# Anyone been coyote hunting?



## Bass911 (Jun 14, 2006)

Anybody been out lately?


----------



## InlandKid (Aug 29, 2006)

Not yet, my friend was talking about going in the next few weeks, said he's been seeing a few in his field in grafton.


----------



## littleking (Jun 25, 2005)

not yet, pups are prolly still out.

can't wait to go though. i have a new light switch for em (.17 remington)


----------



## williamonica0214 (Aug 1, 2006)

i have never hunted them but would love to try it sometime


----------



## big_fish (Dec 21, 2004)

0214 where are you located we do a little hunting for them if your close maybe you can hook up with us [email protected]


----------



## Carpn (Apr 5, 2004)

Haven't been hunting them but did shoot one Sun. morning while goose hunting.
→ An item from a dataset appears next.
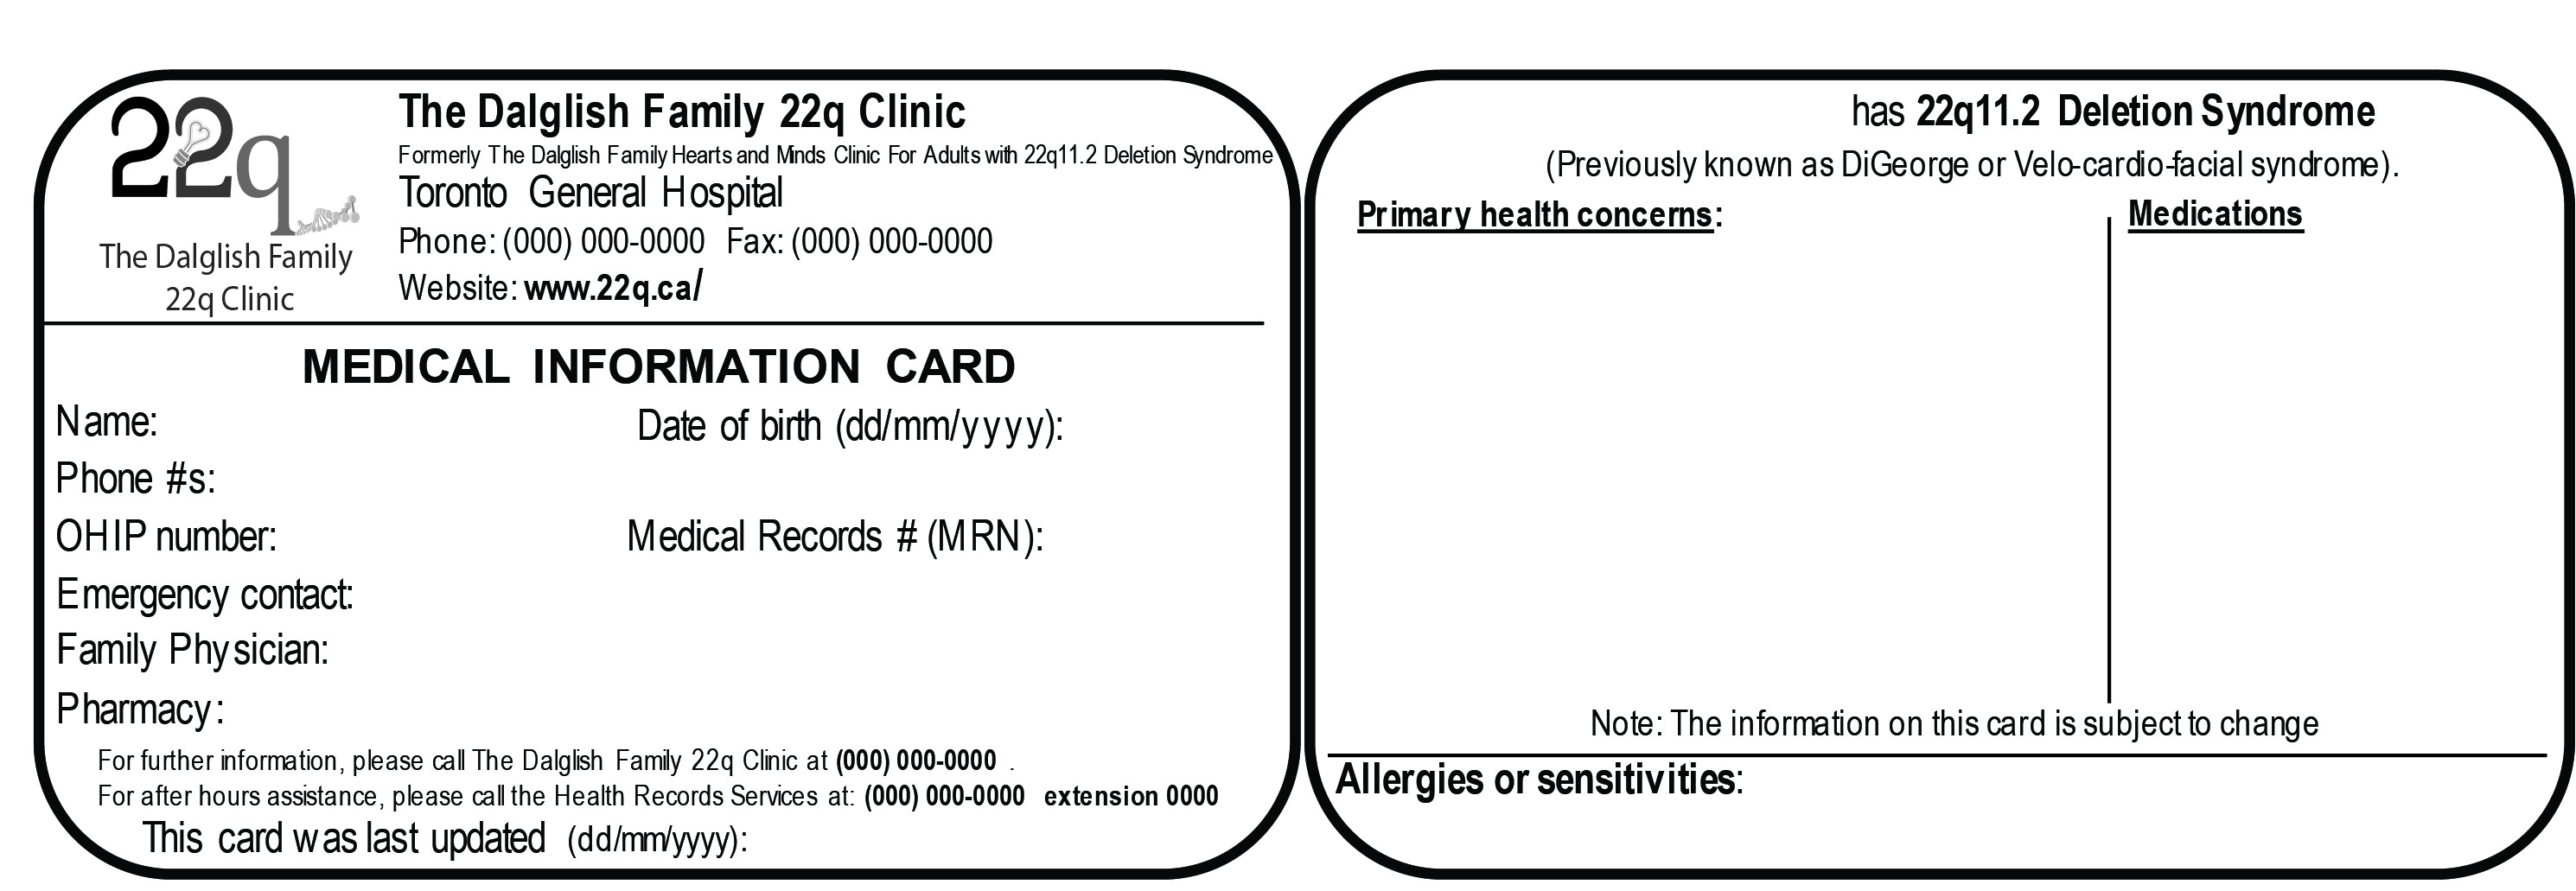 personalized medical information card from Dalglish Family 22q Clinic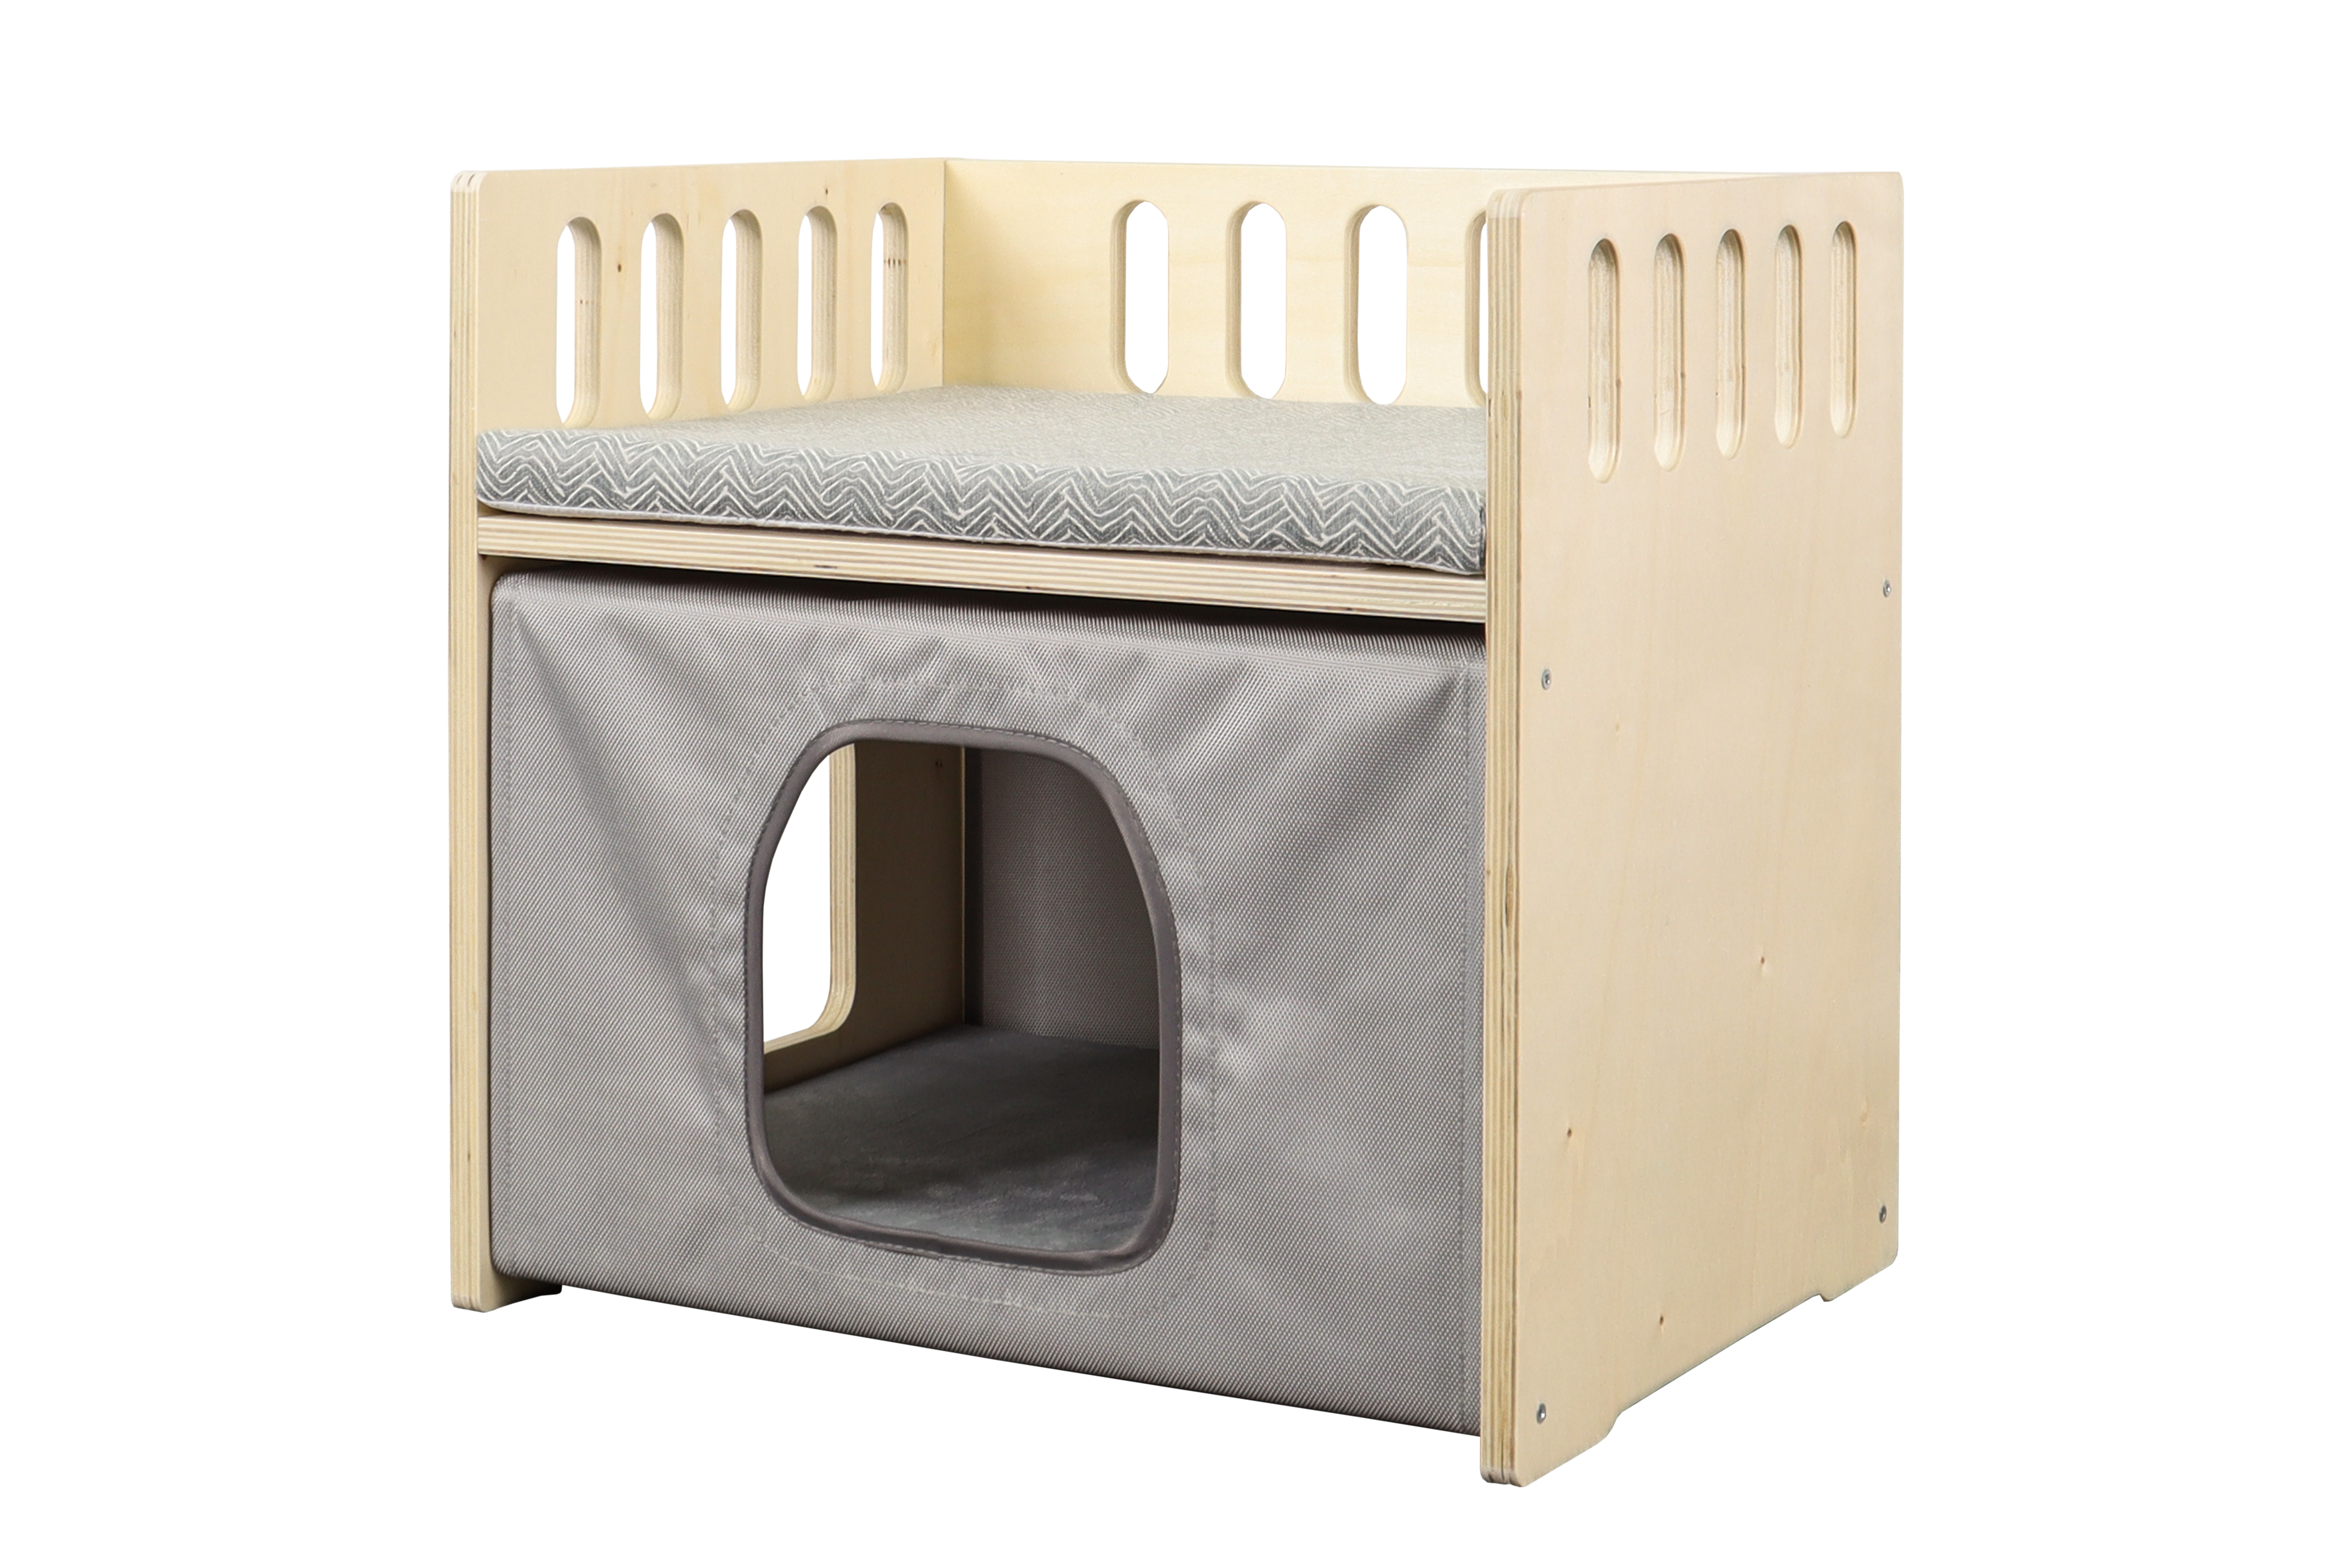 CB-PBM121139 Dual Hole Warm Cat House, Cat Shelter With Removable Soft Mat, Cushion And Fence On The Roof, Easy To Assemble

Saw him a few hundred yards away on the edge of the field and used a goose call to make some rabbit squeels.He came across the fiel to used and caught a couple 3.5" goose loads for his trouble.


----------



## Smallmouth Crazy (Apr 4, 2006)

Guys at work are telling me about seeing alot of them outside work at night...I would like to catch one of them out in the open with my new Ruger 77VT in 204 Ruger.


----------